As Janssen pointed out, this may manifest as an aversion to certain types of programs — easily spun investments in shopping malls or tourist development, for example — but others pointed out that perhaps the greater threat to transparency and aid effectiveness is how donors and aid organizations engage — or refuse to engage meaningfully — with the media.
“My personal view in general of the way the U.K. government communicates with the media [is that] it’s very difficult to get something useful from them,” Alberto Nardelli, Europe editor of Buzzfeed U.K., told Devex. “They’re not doing themselves any favours because it makes it harder for people to report things properly, to report things well, and you don’t have that problem as much with other governments in Europe,” he said.
Nardelli said the responses he receives from U.K. government spokespeople — usually consisting of a quote that “doesn’t answer the question,” and “additional background that is completely useless” — typically amounts little more than “empty waffle.”
One U.K. charity executive who asked to remain anonymous said that, following a tabloid attack on aid in recent years, he was dismayed that DFID officials suggested the organizations involved take the same evasive tack.
“The advice from DFID when this [tabloid attack] blew up was, ‘don’t respond, keep your head down, it’s a hit but let it pass.’”
— Anonymous U.K. charity executiveHe was “surprised that the advice from DFID when this blew up was, ‘don’t respond, keep your head down, it’s a hit but let it pass and they won’t run it the second day or the third day’ or whatever,” he said.
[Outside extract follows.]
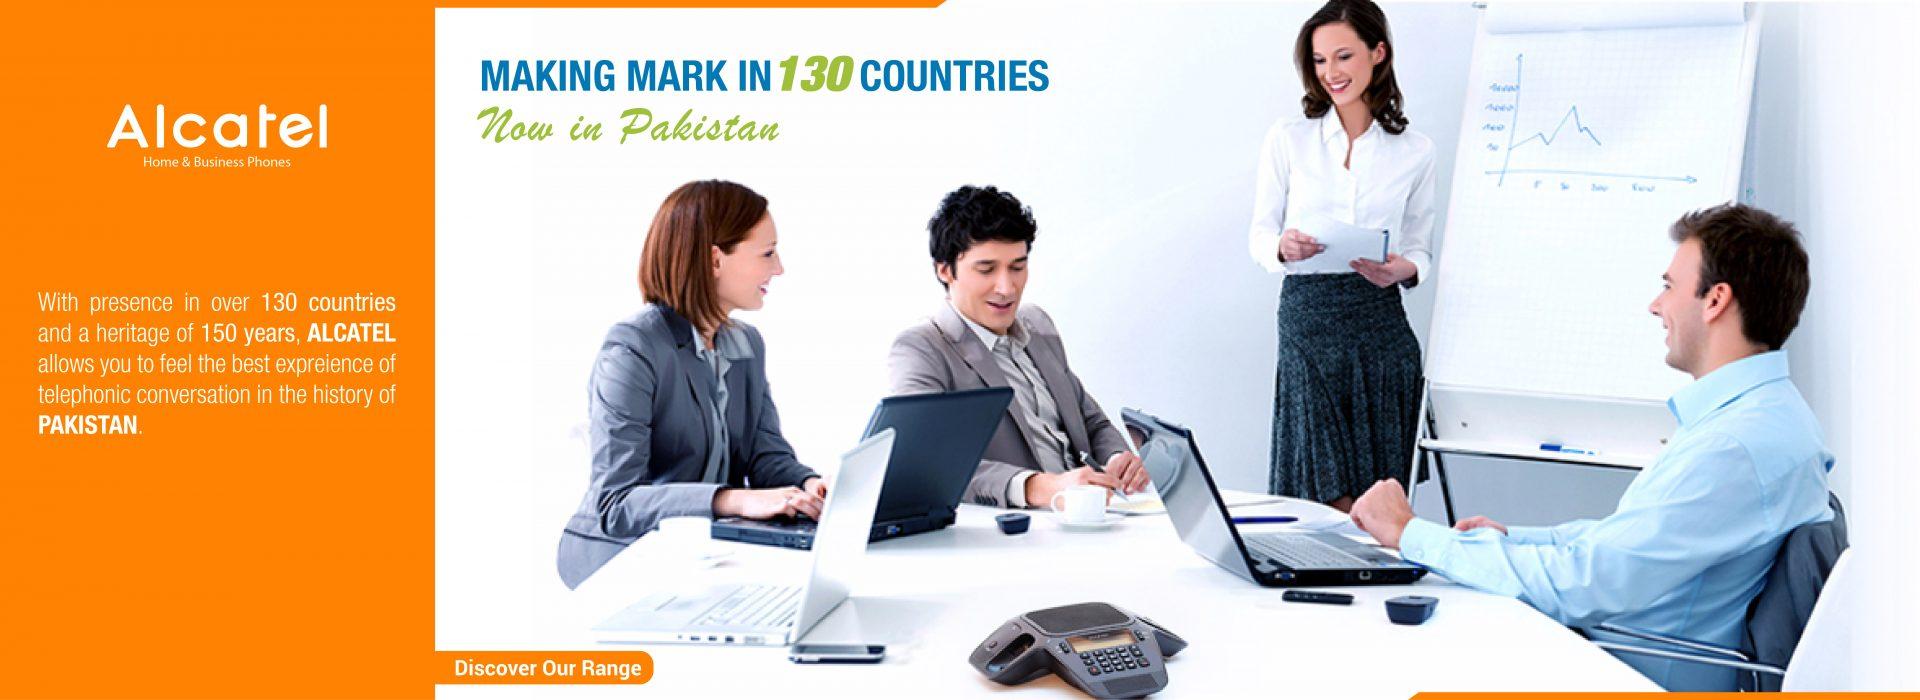 ALCATEL-Distributor-Home-Business-Phones-Pakistan-2-12

The charity executive told Devex he felt the advice went “contrary to instincts and the team’s instincts, especially because there were clear factual inaccuracies” in the story.
In part, the “flight” response seems reflexive. Under financial strain and pressure from a donor, an organization is less likely to challenge factual inaccuracies, encouraged to dismiss claims in particular from certain segments of the media. But that can become destructive, the executive suggested.
“In the short term, in each of those cases it does seem like the right answer to get you through to the next day, but the cumulative effect of that is that the narrative is always being driven by the other side,” he said. “And I think that’s something that has to change.”
Others agreed that donors shouldn’t interfere with a charity’s communications strategy in the wake of a crisis, but also questioned whether they could do more to defend their delivery partners, instead of lying low.
“It isn’t the donor’s role to protect or insulate an organization from negative press, nor should it be. The primary responsibility rests with the charity itself,” according to Martin Cottingham, director of external relations and advocacy at Islamic Relief Worldwide.
“Having said that, it can be tremendously encouraging and helpful for an organization when well-informed supporters with a positive outlook weigh in with their views in the media and social media debate.”
Others argue that the “flight” mindset originates from the top of the organization, and reflects antiquated thinking about defensive communications.
“I spent four years trying to get a good media engagement strategy set up when I worked at a small refugee charity, but the culture was that everyone is frightened of reporters and wants to have nothing to do with them,” one communications professional told Devex under condition of anonymity.
“I tried everything I could think of to change that, so I set up meetings across the sector with reporters from the Guardian, Buzzfeed and the Independent, ran seminars for colleagues on how the press worked, even wrote a report about making the most of the news cycles. But to be honest, I didn’t really get very far,” he said. He was even challenged when stories about the charity appeared in the Daily Mail or Sunday Times, asked “why we were fraternizing with the enemy,” he said.
As a result, he said, the “culture” of disengagement continues to grow.